TASK DESCRIPTION
Beginning with the line that contains "Posh Peanut gamer" and ending with the line that contains "houten trekkershut comfort", reproduce the lines of the entries below exactly, omitting pictures.

RECORDS FOR THE TASK
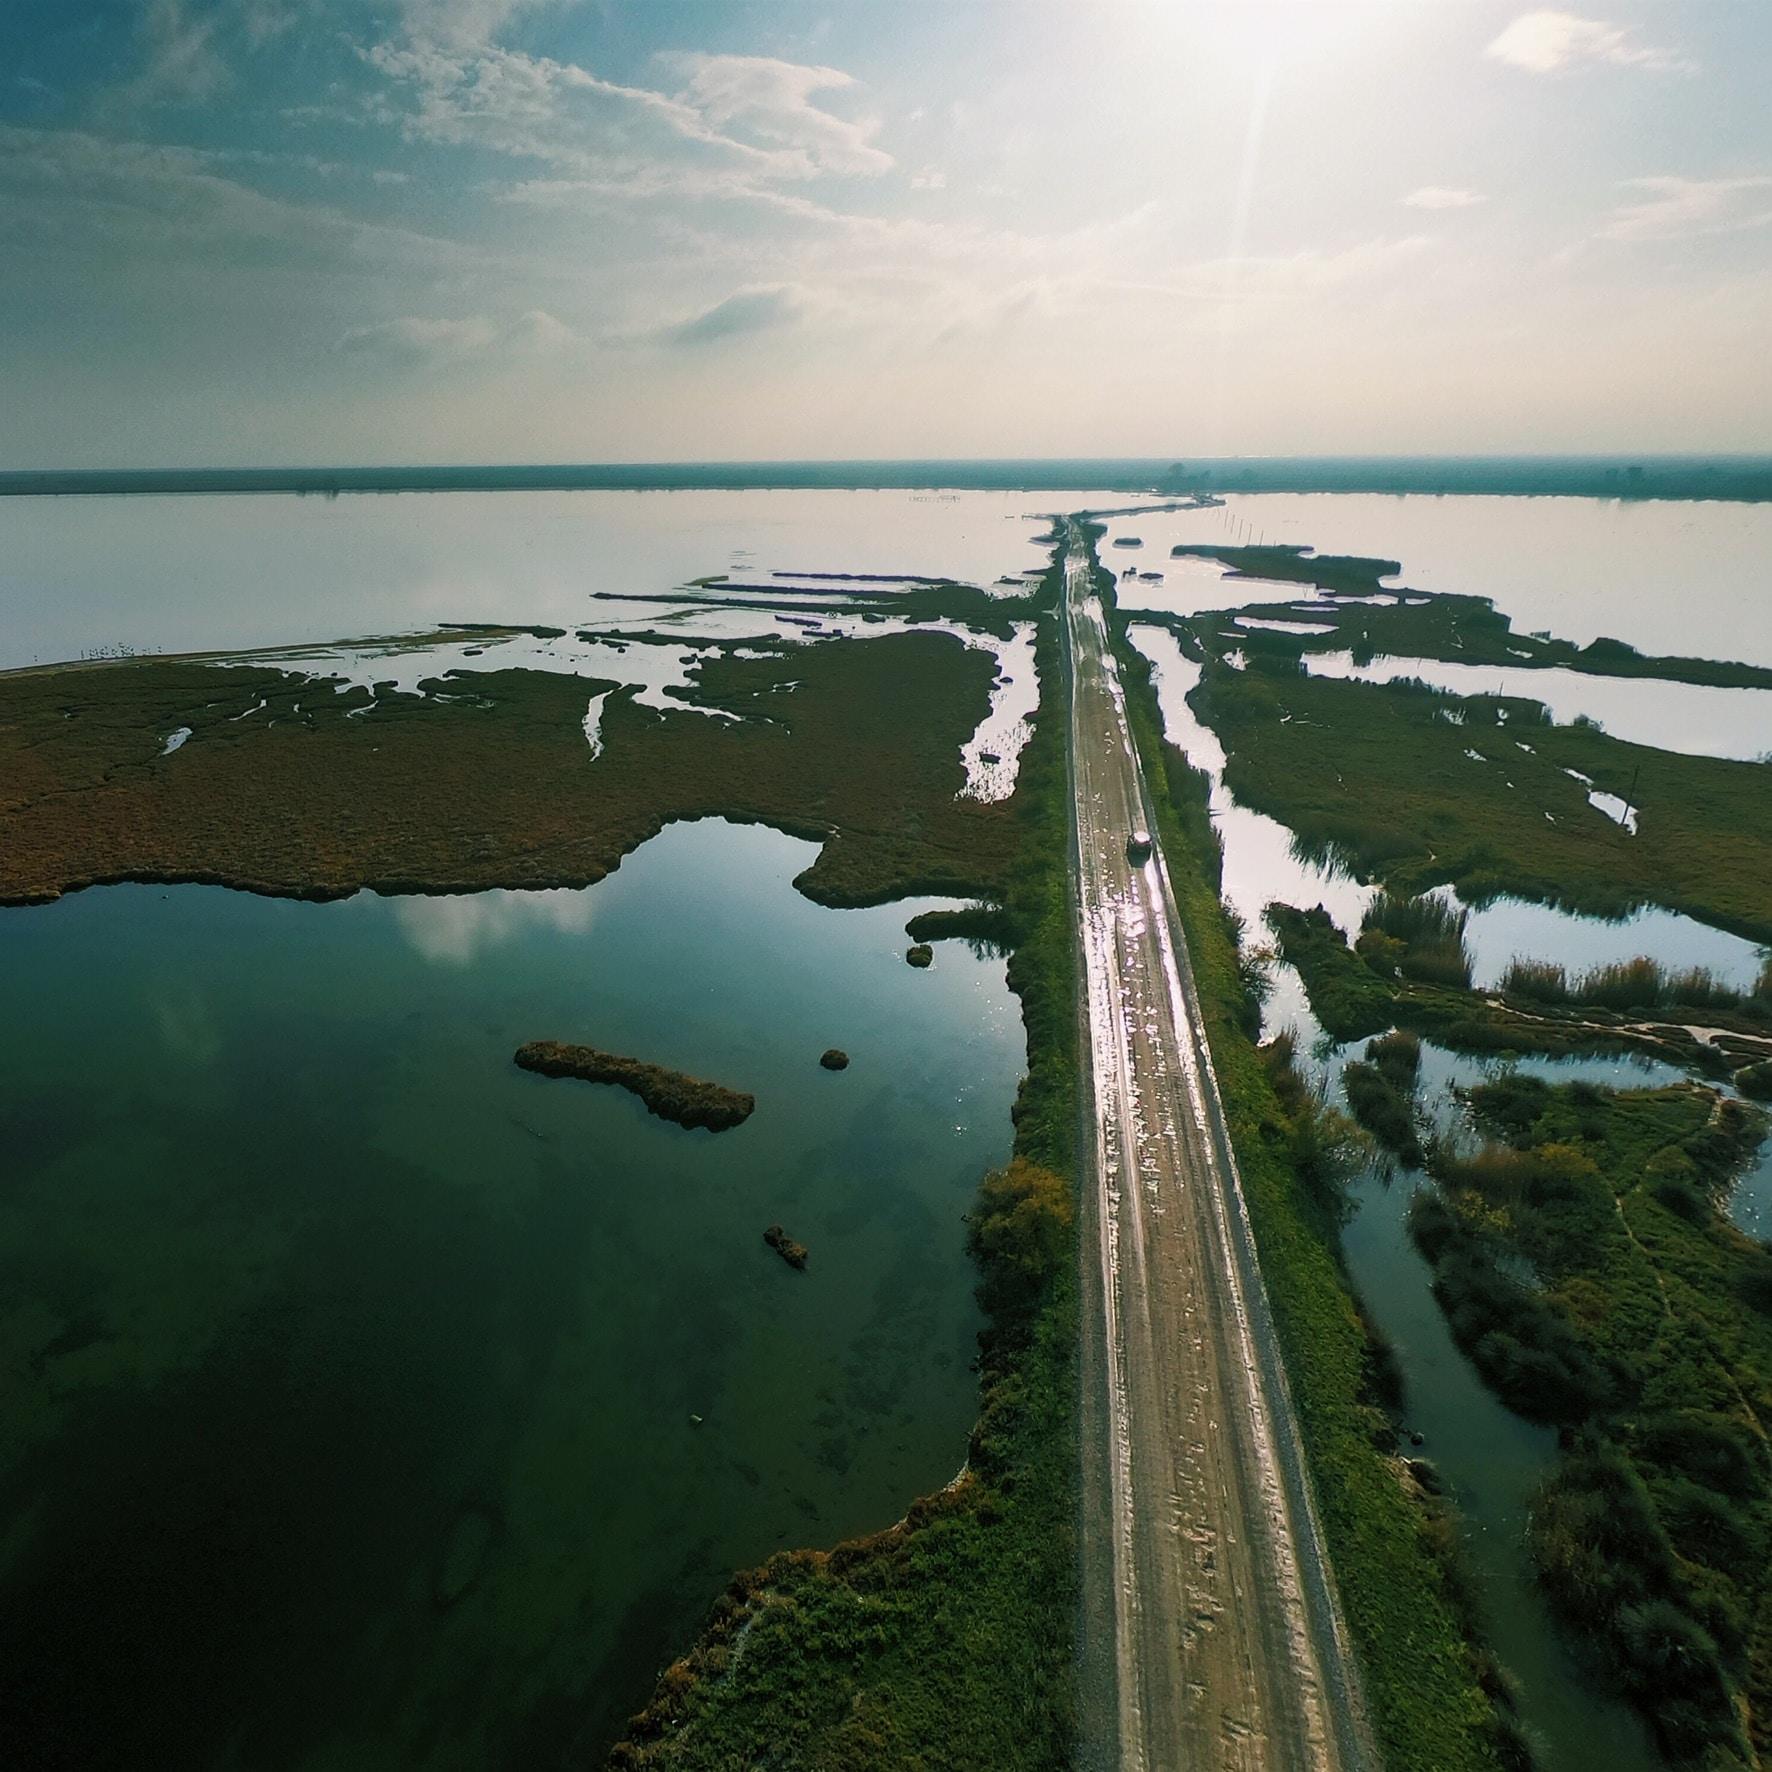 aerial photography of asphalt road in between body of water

--

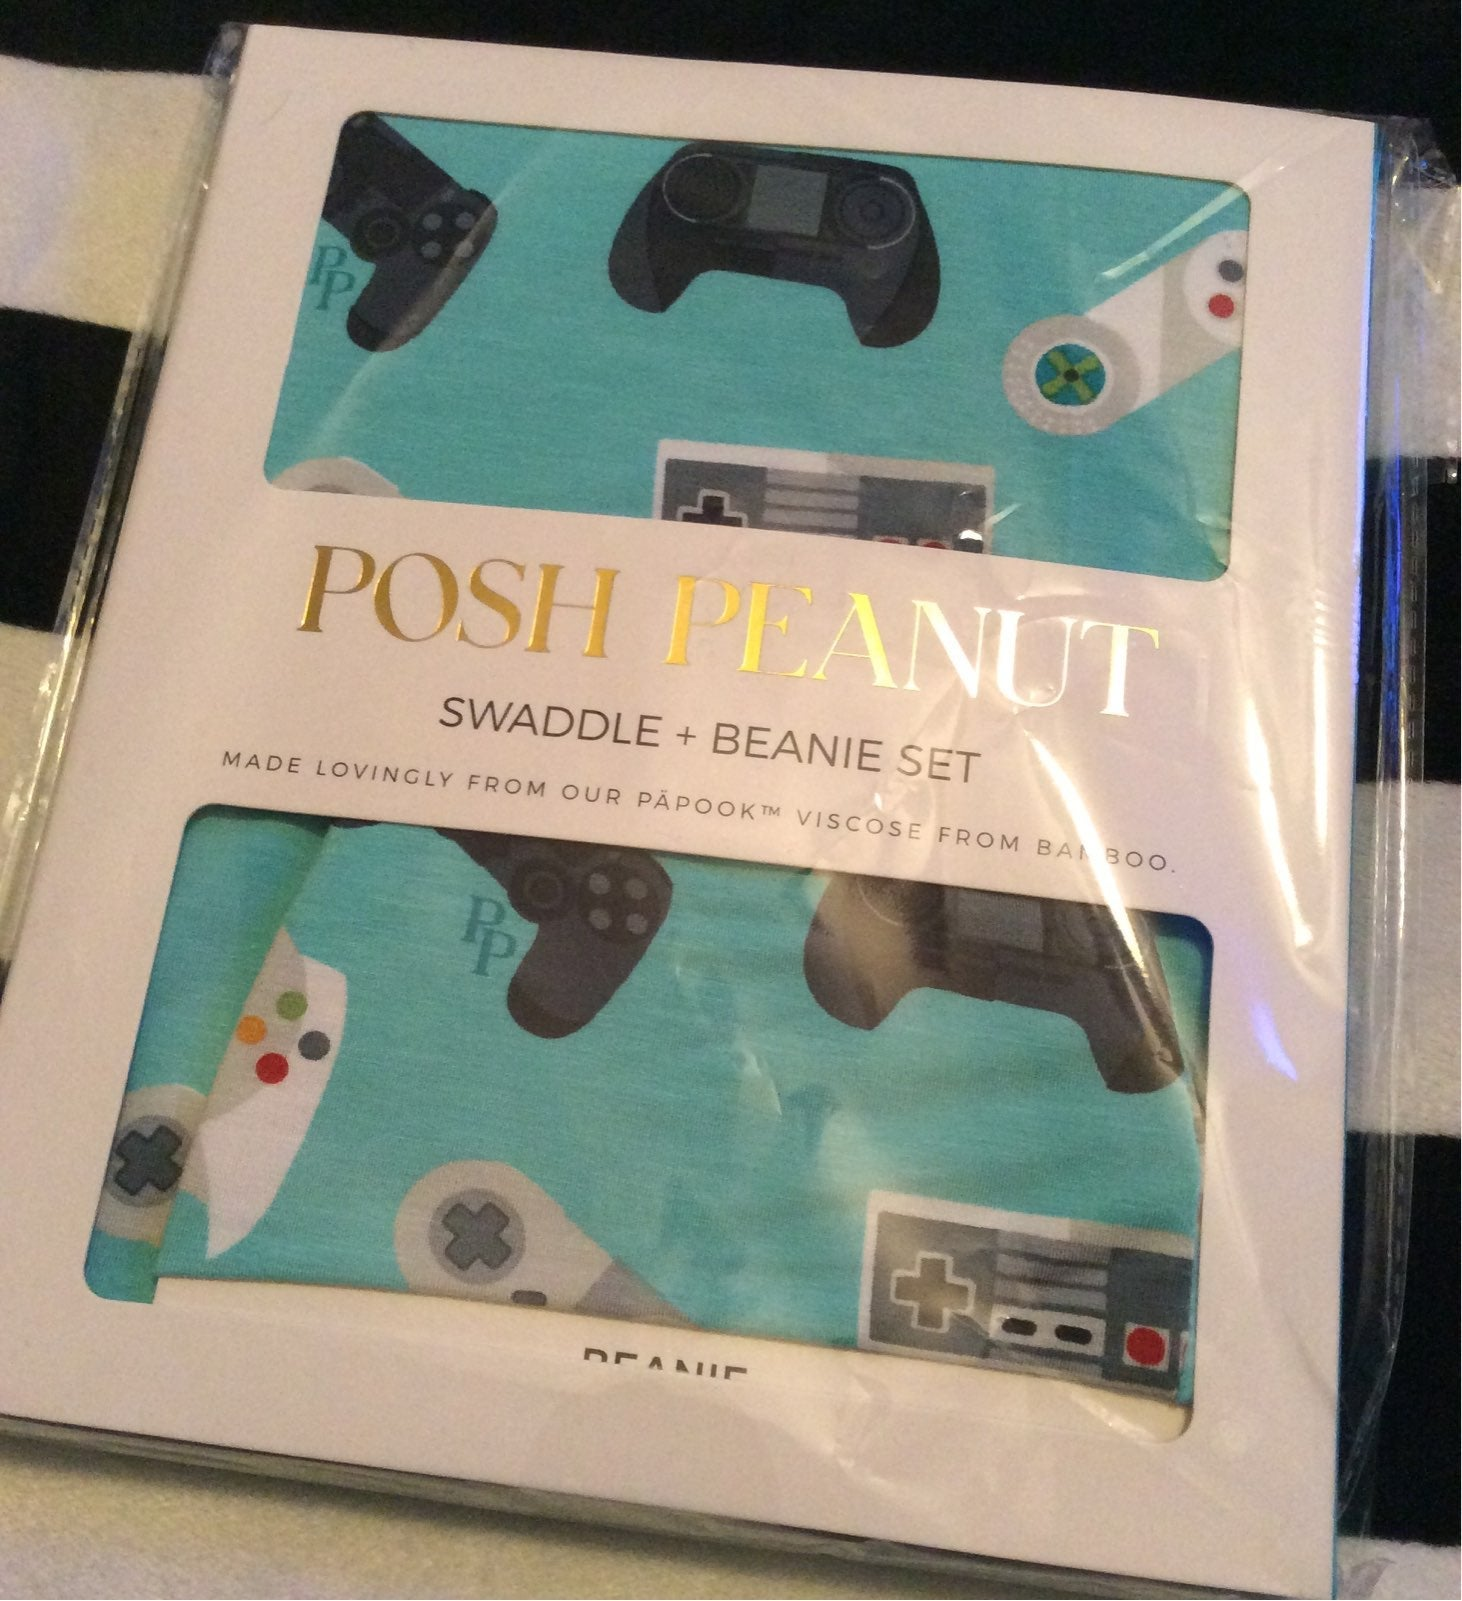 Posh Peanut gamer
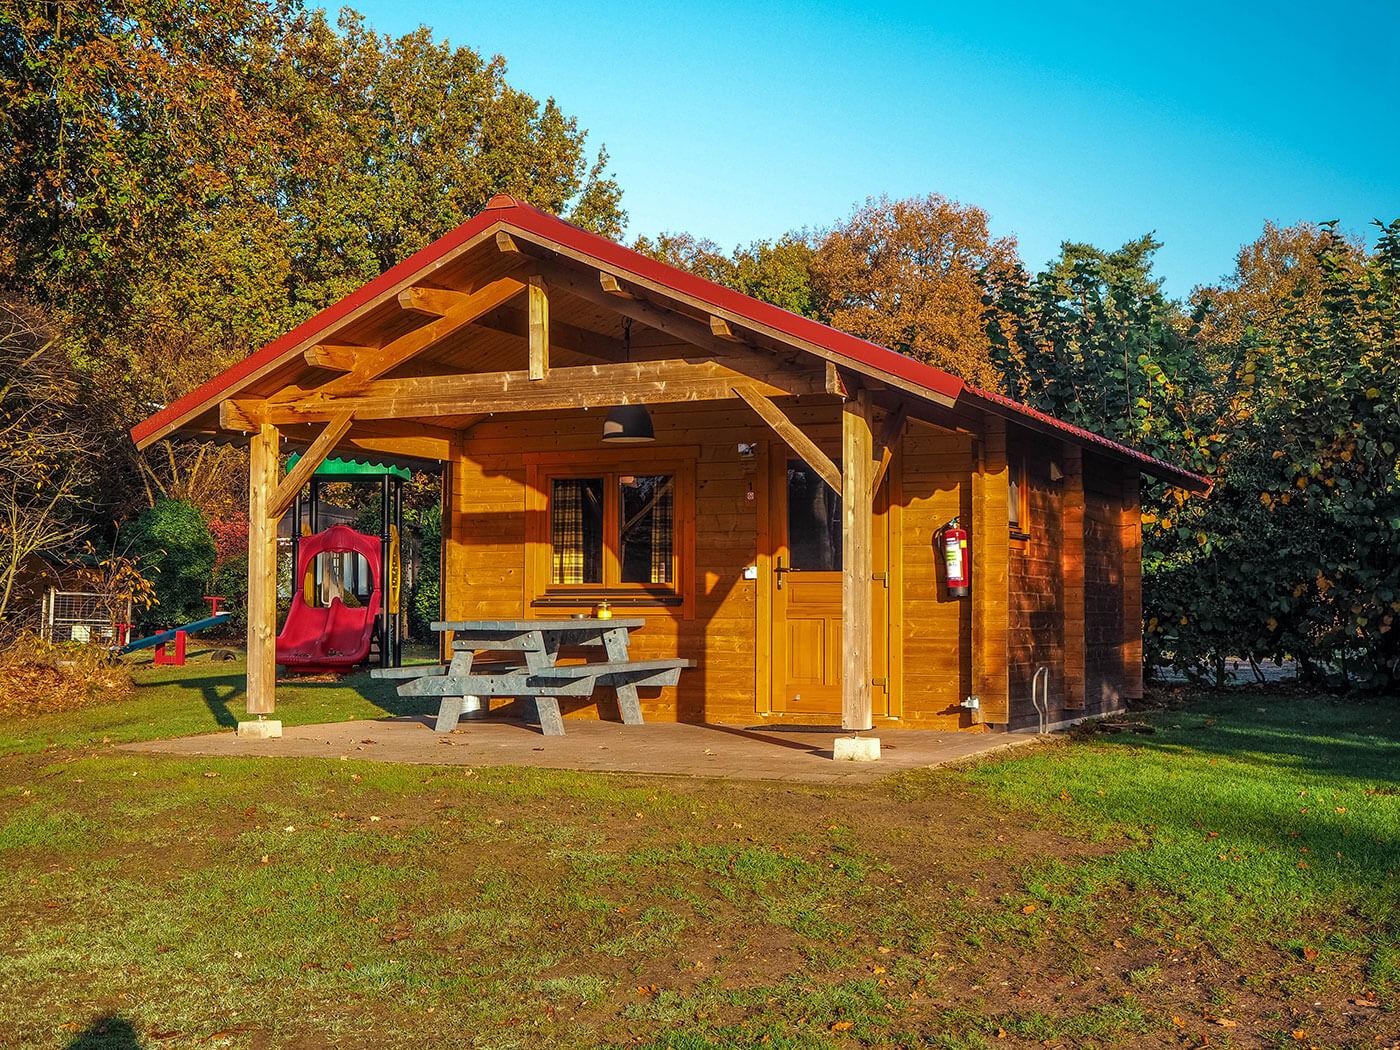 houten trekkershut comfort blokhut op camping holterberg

ANSWER TO THIS TASK
 Posh Peanut gamer
 houten trekkershut comfort blokhut op camping holterberg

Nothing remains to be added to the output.